The organizing meeting I attended that evening was preparation for a weekend meeting in Johannesburg of the Social Movement Indaba (SMI), a coalition of poor people's struggles around the country, which started a few years back when a march was organized to protest the World Summit on Sustainable Development being held in the Jo'burg suburb of Sandton. Most NGOs who work on development issues in the country took part in the Summit, so the SMI decided it needed to publicize the slow movement or entire lack of services making it to the people who needed it the most.

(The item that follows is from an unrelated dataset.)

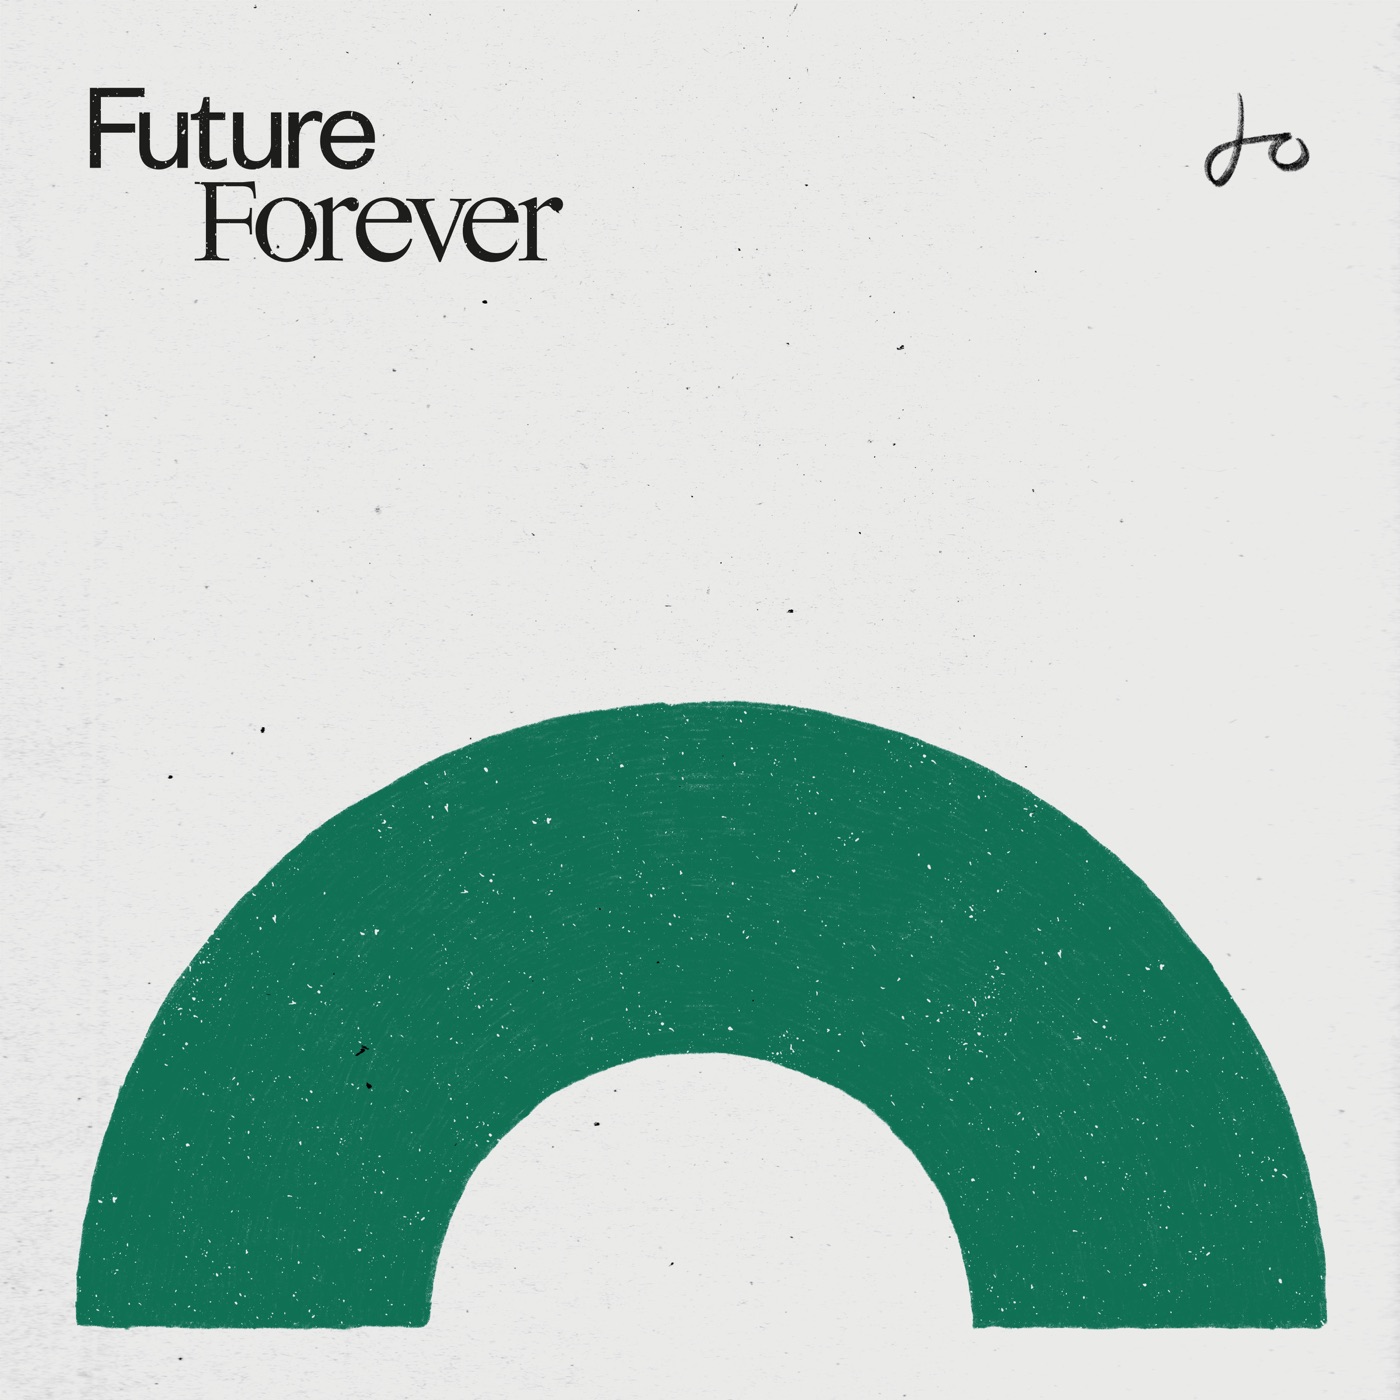 Future Forever by Jonathan Ogden

Since then, there have been annual conferences of the SMI, held usually in Joburg, and run by an elite few. This was the first time Abahlali base Mjondolo had been invited, due a lot to massive protests they organized in the past year against their city ward councillors and the mayor of Durban, who have broken promises to get badly needed basic services to the settlements-- more toilets, water access, electricity, refuse pickup (there is none even though some houses are 5 meters from the fence encircling the dump next door), and most importantly, better housing.

I've been told that Abahlali is a totally democratic group, that all the people that sit on their congress are elected every year. Most decisions aren't made until people discuss it with everyone else, and there's a sort of mass consensus process.

It's quite a gift to sit in on their meeting. About 20 people crammed in to this small office space, dedicated to hearing each other out, all speaking with so much heart and passion about their lives, their rights and their vision. S'bu Zikode, the elected chair [see his article below or here], facilitates and translates tonight, an incredibly eloquent, understated, dedicated, patient and witty leader of this group.

Based upon knowledge of past SMIs, they spend time talking about how best to keep the basic issues on the table, and to prevent discussion in convoluted language. They all agree to be the person to stand up and shout, "I'm sorry could you say that in poor people's language" or "could you please translate in Zulu, Xhosa, etc."

It's only day 7 here, and already I feel inspired and humbled to have been allowed to sit and observe this great collective process with some truly inspiring and giving people, all living without real walls or roofs, with extended family, with kids that play in the sewage that drains past their houses down the hills. There is so much yet to see, but I'm already angered by the severe injustices all around me here. And propelled by the spirits of new friends.